I was watching the news the other day--I think it was MSNBC, but I'm not certain. They had a feature on a young Hispanic man who had been killed in Iraq. I don't think he was the same young man of whom Bay spoke, Lance Corporal Perez, but it's possible that he might have been, because this man had also been nineteen years old when he died, as I recall. The news showed wonderful photos of a handsome and smiling young man who looked nearly like a kid (well, he wasn't so far away from having been one, was he?), and an interview with his father.

The father's courage and dignity were almost unbearably moving. It seems the young man was not a citizen, but he'd signed up anyway. The father showed some sort of memorial statuette of the twin towers that he owned, and he pointed to it and said that the son had been greatly affected by 9/11, and determined to join and serve. The father said he'd asked his son, if he had to join up, why couldn't he be something like a cook? But the son had said no; he felt he needed to do more than that. Then the father went over to an American flag he had on his wall, and put his finger on one of the red stripes, and said something like this (only far more eloquently), "When I see this red stripe, it symbolizes the blood of my son and all the others who died so that we could be free--because freedom isn't free."

Heartbreaking and well said, on this Memorial Day.

Politics and friendship

I've written many times before about conflict with old friends and relatives over post-9/11 politics. I know I'm not alone; many here and elsewhere have similar stories to tell, and some have shared them with me, both on this blog and in private emails.

In my experience, the phenomenon most often occurs in the context of a social event, small or large. Almost invariably one ends up listening to someone go on and on with fierce anti-Bush invective, usually laced with more than a sprinkling of obscenities. And this is done without any thought that there might be someone within earshot who could find this offensive or even the least bit controversial.

If I voice even a mild objection, such as "I think Bush actually has done some decent things," the invective has sometimes been turned on me. And this can happen with good and old friends, as well as close relatives.

I virtually never raise the issue of politics anymore (this blog takes care of that need), but it's raised for me, over and over again. Therefore I can't avoid it. And, strangely enough, at times after I've voiced my mild rejoinder, people who had been silent in the surrounding crowd have come up to me and whispered that they agree with me, but are undercover for fear of losing friends and/or jobs.
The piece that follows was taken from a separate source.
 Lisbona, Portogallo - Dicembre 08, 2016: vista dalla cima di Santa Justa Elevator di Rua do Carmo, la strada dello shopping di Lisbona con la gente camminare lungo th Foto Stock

Astounding.

By now, for the most part, my close friends and family have settled down, only occasionally raising the issue when I'm around. I encounter the phenomenon far more commonly when I'm in a group who don't know me well. And I've only lost one close friend because of it, although there's been a noticeable cooling on the part of a few others. I do get some teasing at times, but I'll take that over the other.

So it drew my interest when, in a link from Dean Esmay to my post "Anger: still in style" (Dean's observation, "Neo's experiences mostly match mine"), commenter DBrooks offered the following story from his personal experience:

I find the level of discourse depressing and disheartening. What I have been struck by in my own experience with friends on the Left is they seem to think it is acceptable, even righteous, that they can be offensive, yet one is not allowed to be offended. To disagree or offer contrary evidence is viewed with scorn and intolerance.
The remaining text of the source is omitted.